1 Information processing and control module The information processing and control module is defined in RFC 2272, responsible for the generation and analysis of information, and to determine whether the information has to pass through a proxy server during transmission.
2 Local processing module The main function of the local processing module is to perform access control, handle packaged data and interrupts. Access control refers to setting relevant information of the agent? The management processes of different management stations have different rights when accessing the agent, and are completed at the level of the protocol data unit. There are two common control strategies: limit the commands that the management station can issue to the agent or determine that the management station can access specific parts of the agent MIB. The access control strategy must be set in advance. SNMPv3 flexibly determines the access control method by using primitives with different parameters.

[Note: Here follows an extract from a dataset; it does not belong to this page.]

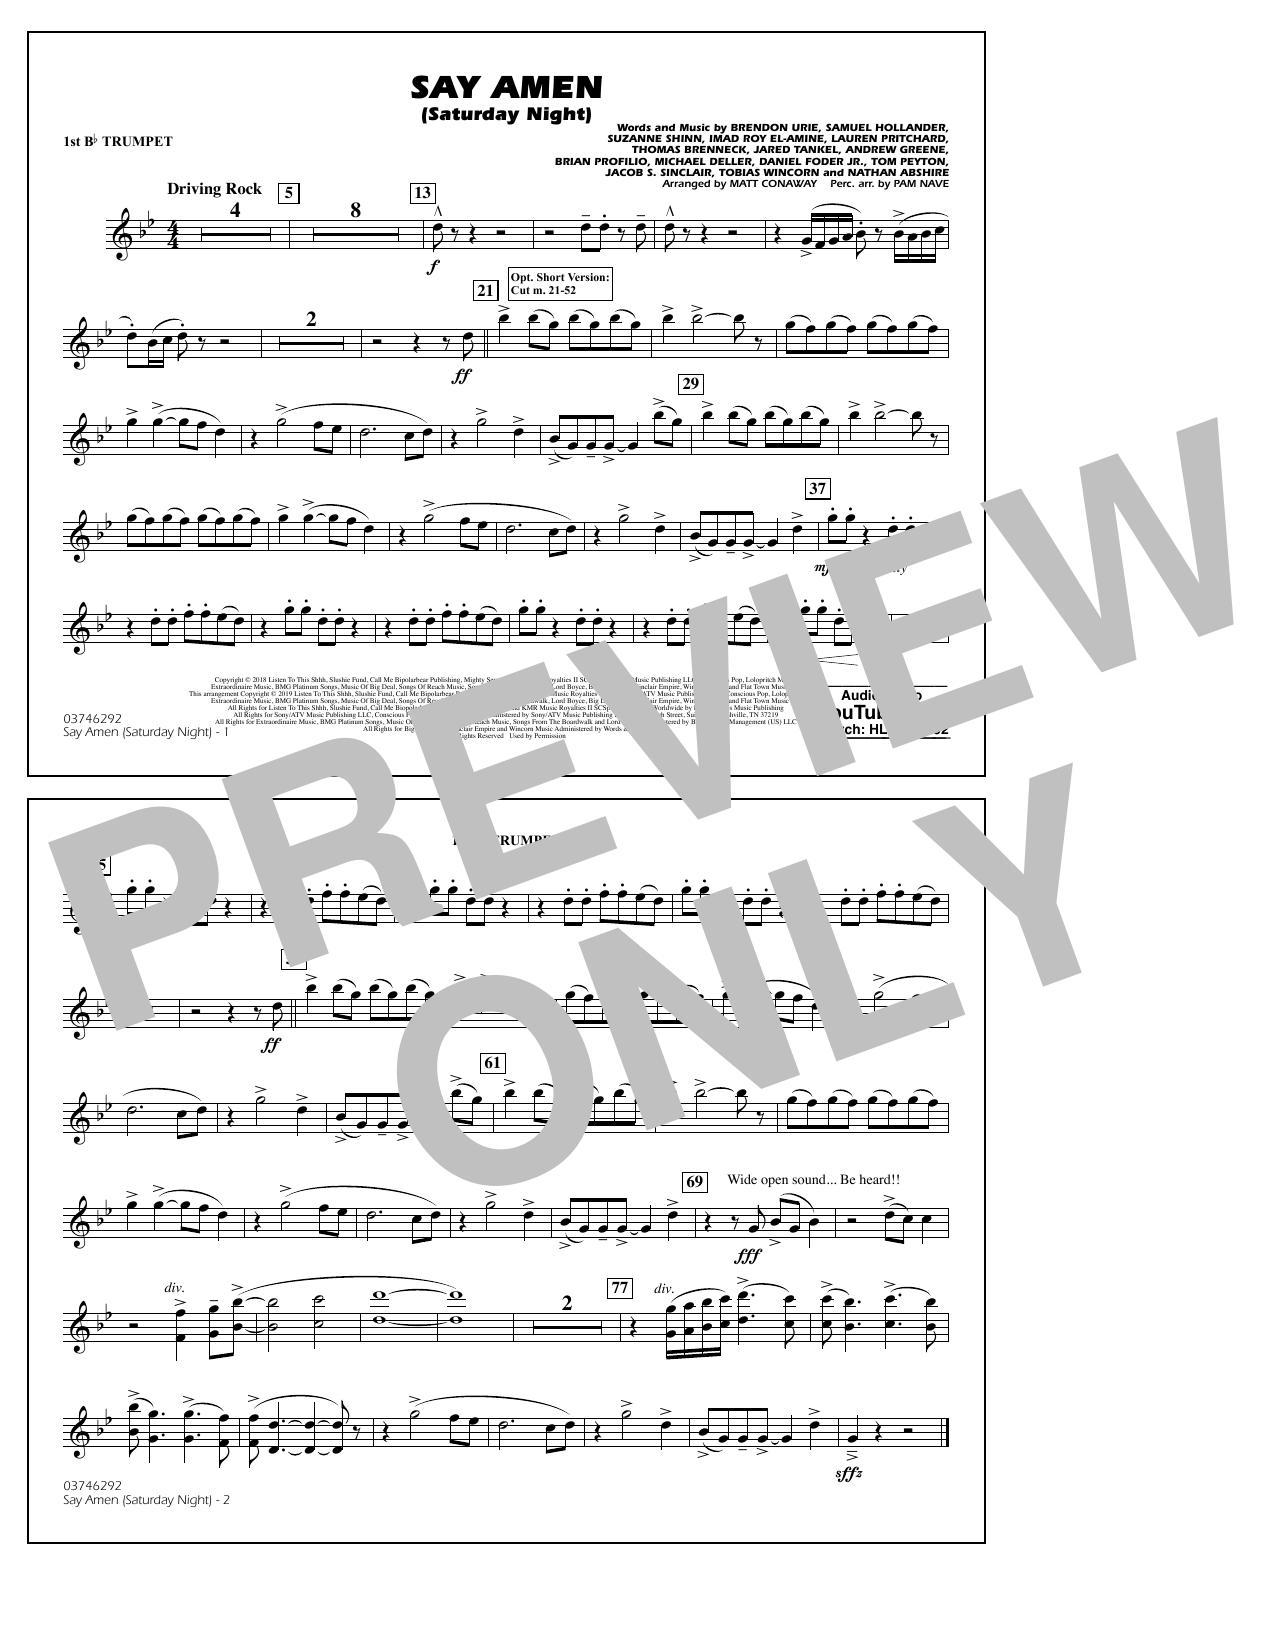 Panic At The Disco Say Amen Saturday Night arr. Matt Conaway   15st Bb  Trumpet Sheet Music Notes, Chords   Download Printable Marching Band PDF ...

3 User security module Compared with SNMPv1 and SNMPv2, SNMPv3 adds three new security mechanisms: authentication, encryption and access control. Among them, the access control function is completed by the local processing module, and the identity verification and data privacy services are provided by the user security module. Identity verification means that when an agent (management station) receives information, it must first confirm whether the information comes from an authorized management station (agent) and whether the information changes during transmission. The realization of this function requires that the management station and the agent must share the same key. The management station uses the key to calculate the verification code (which is a function of the information) and then adds it to the information, while the agent uses the same key to extract the verification code from the received information, thereby obtaining the information. The process of encryption is similar to identity verification. It also requires the management station and the agent to share the same key to encrypt and decrypt the information.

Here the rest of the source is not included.